For many consumers, the cost of energy is a non-trivial issue. Gasoline costs are most obviously on the radar, with power costs an indirect second (which may take top spot as technologies unfold). Predicting where they are headed is of course impossible, although normally a new US government administration would provide some clues as to their intents through policy statements, ideological slants, etc. With The Donald, we have none of those guideposts.
He has thrown out a few indicators, the most notable being from his website where he outlines an energy policy that promises to lower the cost of energy for the American consumer. He also mentions making the US self sufficient in energy. It should come as no surprise that the two are mutually exclusive goals, or at the very least incompatible.
Lowering the cost of energy, or gasoline prices at any rate, means lowering the price of oil, which means increasing supply so much that it exceeds demand. That’s why oil prices fell so hard in late 2014 – high oil prices led to increased production (companies cashing in to sell all they could), which exceeded demand, so oil prices fell. Hard.
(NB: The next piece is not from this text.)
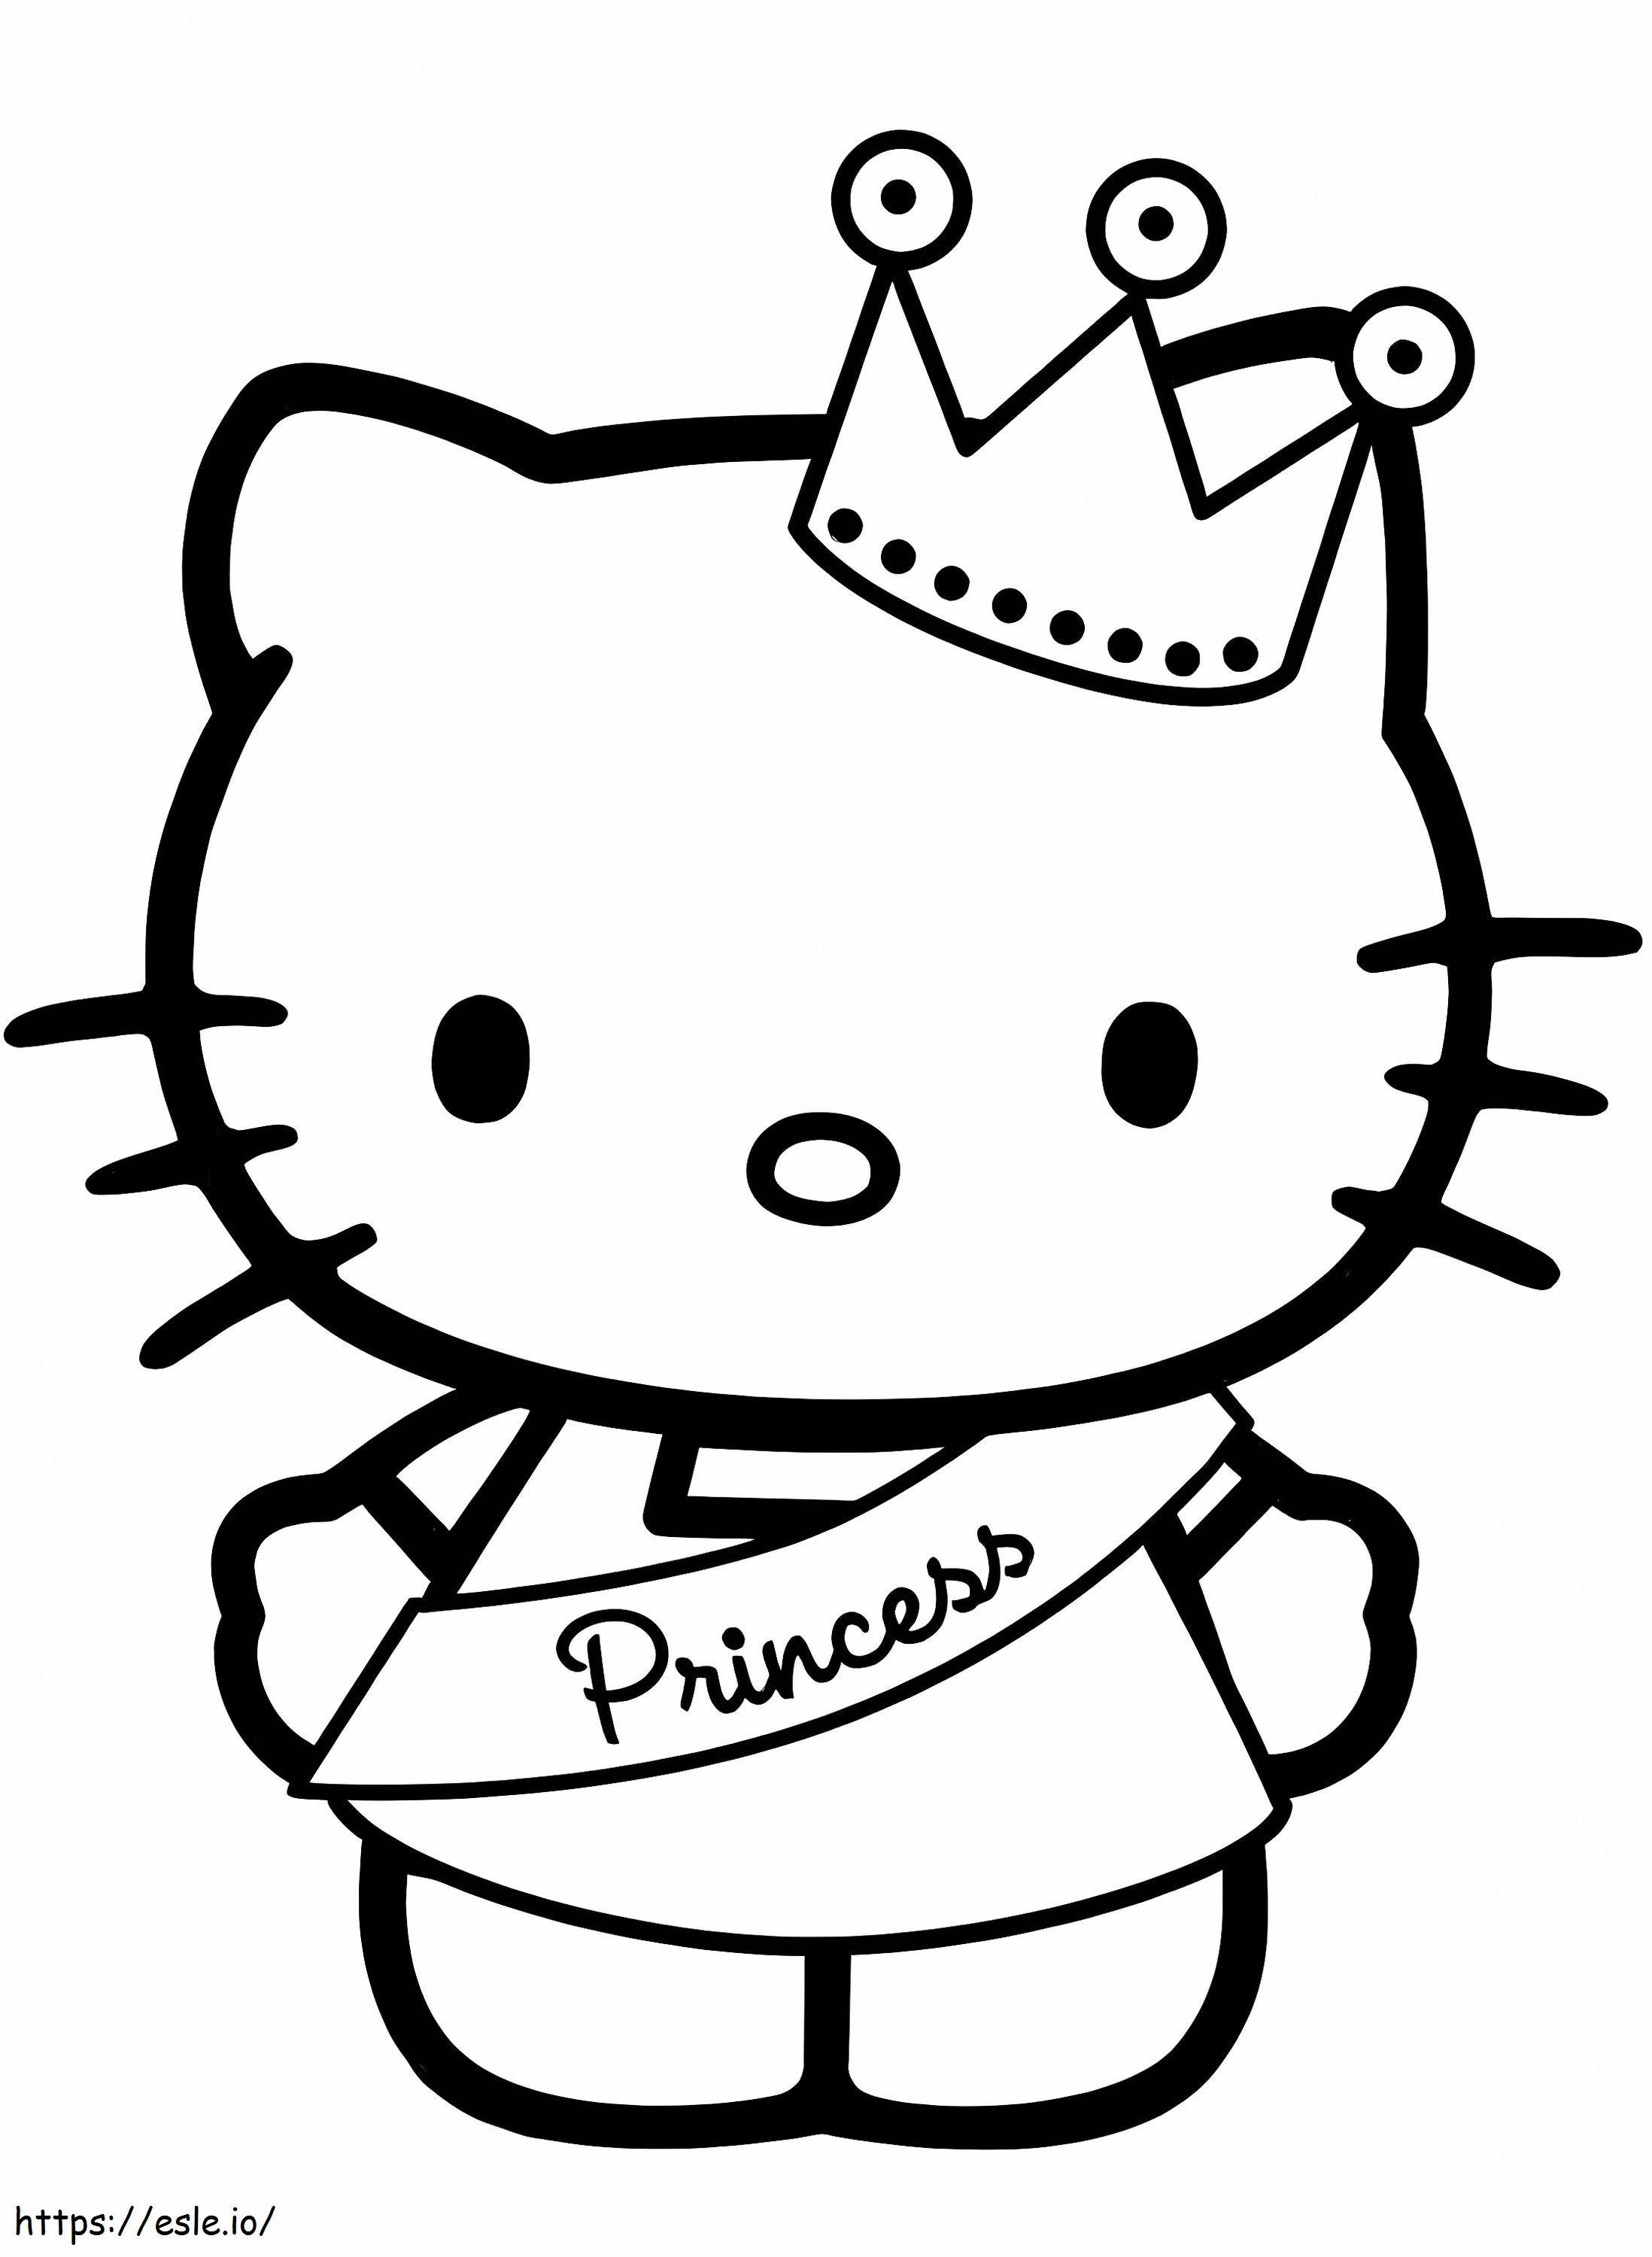 Princess Hello Kitty coloring page

Gasoline prices followed suit, and crowds thundered back towards large trucks and SUVs.
To keep gasoline prices low as Trump would like means supply has to exceed demand. But that is a cycle that can’t be achieved, because high oil prices were required to raise production in the first place.
Trump recognizes this, sort of, saying that he will open up federal lands for petroleum exploration. That will help somewhat, but the fact remains that high oil prices are required to keep production high. New frontier areas would be a decade from producing meaningful supplies.
A nail gets driven into this logical conundrum if one stirs in the desire to be self sufficient in energy. That means eliminating the 4-5 million barrels per day the US imports. Doing that would do two things: turn all that oil back onto the world market, cratering global prices, and creating a shortfall within the US, creating high oil prices (within the US). To quote the Dude from The Big Lebowski, that would not stand. There is no way that US oil production could increase by 4-5 million barrels per day without substantially higher prices.
There are other examples, but taking Trump’s energy plan literally leads to the inevitable conclusion that it includes goals that contradict each other. It is possible that the natural gas market might cooperate with his “plans”, because the US is very nearly self sufficient in natural gas, and could achieve that status with only marginally higher prices. The electricity market is another matter entirely, and will depend on Trump’s environmental agenda (if there is such a thing). Those are analyses for another day.